As a result, most large organizations now have some form of data sharing between their Mainframe applications, Windows applications and Web applications inside the boundaries of their corporate firewall.

However, when is comes to sharing data between organizations, not much progress has been made, if you look for example at the most common financial and logistical data shared between organizations like invoices, payments receipts and work orders, you’ll see that while in nearly 100% of the cases, these documents are produced by a computer system on the supplier side and entered into a computer system on the customer side, the transport itself of these documents, in nearly 100% of the cases, is still done using paper over snail mail or at best using insecure email attachment which, in most cases, is not digitally signed in any way. Even worse, in most cases these documents are keyed in manually on the receiving side in order to keep up with accounting and reporting requirements.

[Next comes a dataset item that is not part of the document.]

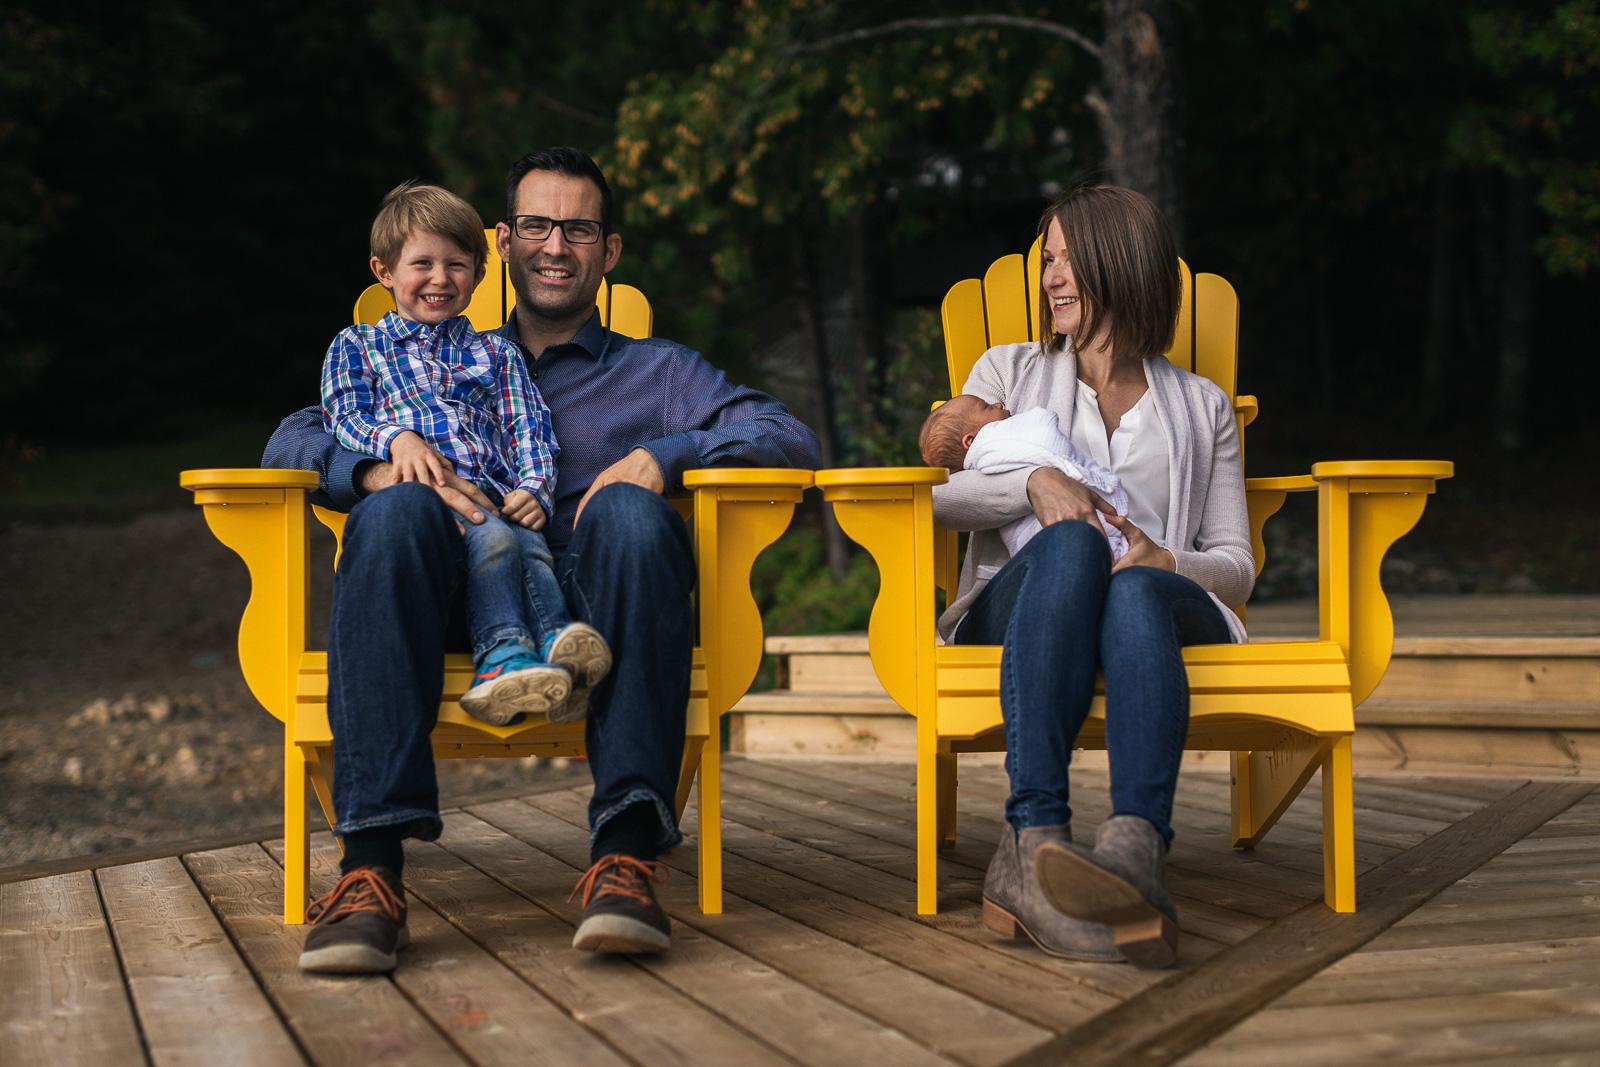 shauna-patrick-family-portraits-blog-24.jpg
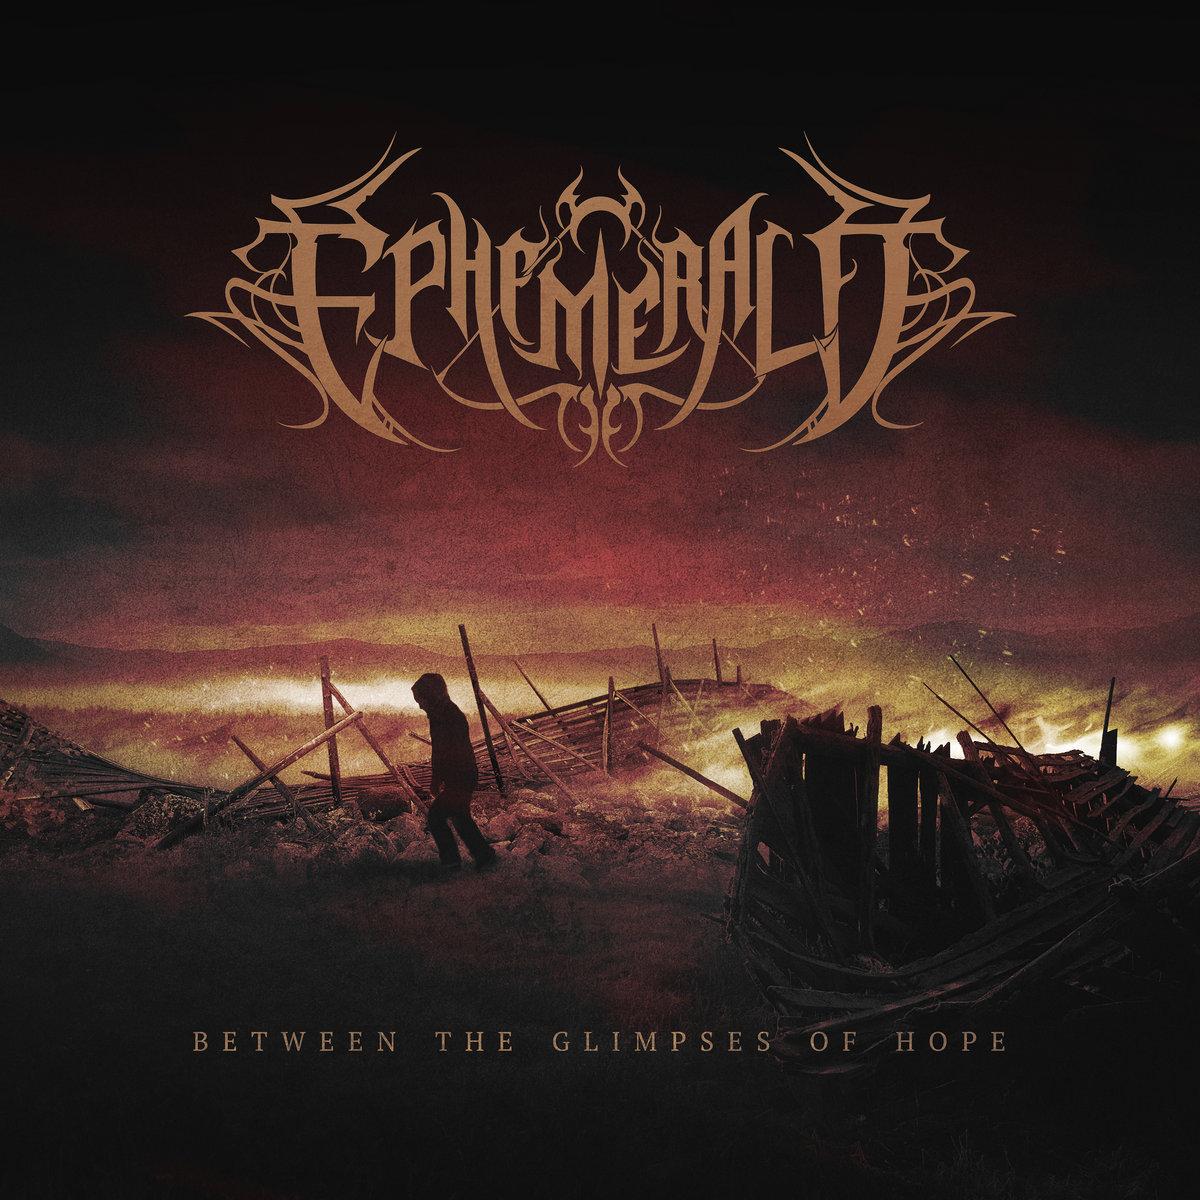 Between the Glimpses of Hope Ephemerald Album Cover Artwork

Let’s imagine how we can automate the process of invoice sharing. Assume for a moment that there is already an agreed upon standard data format for invoices that both the supplier accounting system and the customer accounting system supports.

The supplier financial system instead of printing an invoice, will expose the invoice as a link pointing to the data structure which represents the invoice in the standard format, then send the link to the customer accounting system, which would automatically download and enter it as a supplier invoice document.

Simple right? Problem is that in order to enable this process you need to perform mutual authentication. The supplier system needs to authenticate with the customer system in order to make sure it indeed sends the invoice link to its customer and not to a competitor. Similarly the customer system needs to authenticate with the supplier to make sure it is not being fed with some malicious invoice by an evil supplier.

In practice, getting such mutual authentication between many suppliers and many customers does not scale well. Getting even one customer and one supplier accounting systems to trust each other and interface seamlessly with each other is a time consuming task. Let alone scale this process to many customers and suppliers.

A better approach is to introduce some mitigation layer that both sides can trust. But if this mitigation layer is controlled by some central entity, customers and suppliers will need to trust this central entity which will in return require fees and control and collect information about its clientele.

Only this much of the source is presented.